Mozilla is an organization that prides itself on openness and equality, on
being inclusive as an organization and a culture. This is reflected in its
products, in many different ways—all of them good, generally speaking.

The CEO is the figurehead of a company or organization; they have to represent
the company, establish its culture, define its vision, and so forth and so
forth.

Having a CEO who has a history of donating to an anti-equality campaign, an
act that very strongly suggests having an unequal view of certain groups of
people (LGBTQ folks in this case), does not mesh with an organization that
prides itself on equality (among other things). They are pretty mutually
exclusive.

It was already a conflict with Eich as CTO, but at least in that position he
had no say over the company culture or its policies when it comes to _people_
, just technology. As CEO, all that changed.

Additionally, by making a donation to (what is essentially) a campaign of
hatred (and FUD), he took it WAY beyond a personal belief or view. Expressing
your views in public or making a donation that way is an act, not merely
"holding an opinion", and actions matter.

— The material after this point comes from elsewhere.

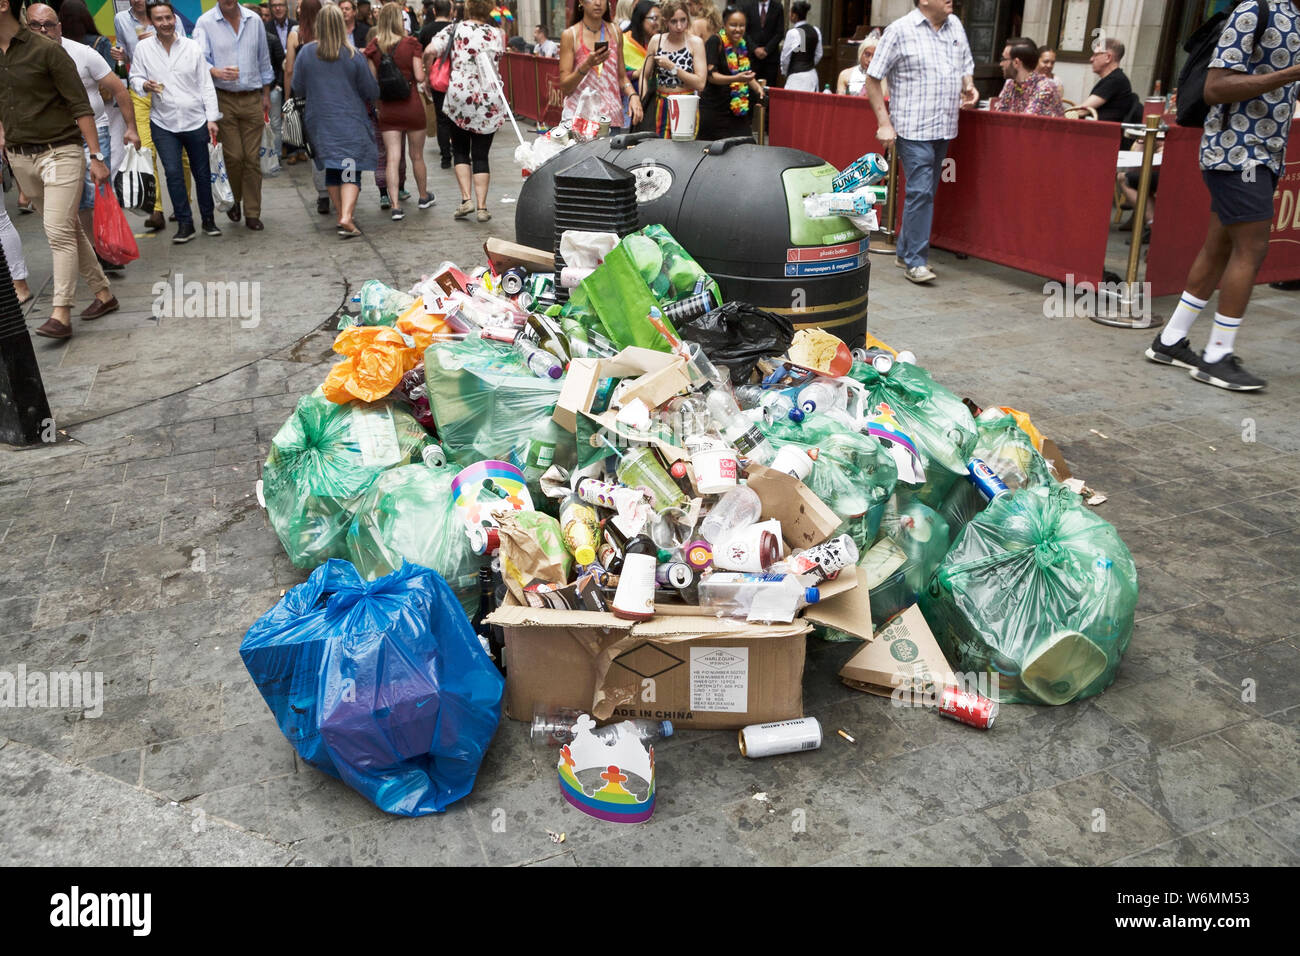 Street rubbish: plastic waste, consumerism, consumer rubbish, consumer waste, bins overflowing. Litter London rubbish. Keep Britain tidy. UK trash. Stock Photo

His action in the form of the
donation harmed the lives of thousands of people, with no justifiable cause
for it.

Now, there's tons of people who hold such bigoted views and even express them
in the form of acts through public statements or donations, but _most_ of the
time we don't award those people with the CEO position of a major corporation.

(to clarify how this is not a litmus test: while it sure can be applied that
way, plenty of organizations have bigots as CEOs — see e.g. Chick-fil-A — but
what’s mainly happening here is that it is simply a matter of bad judgement
and people objecting to the appointment because he's unfit to lead an org like
Mozilla)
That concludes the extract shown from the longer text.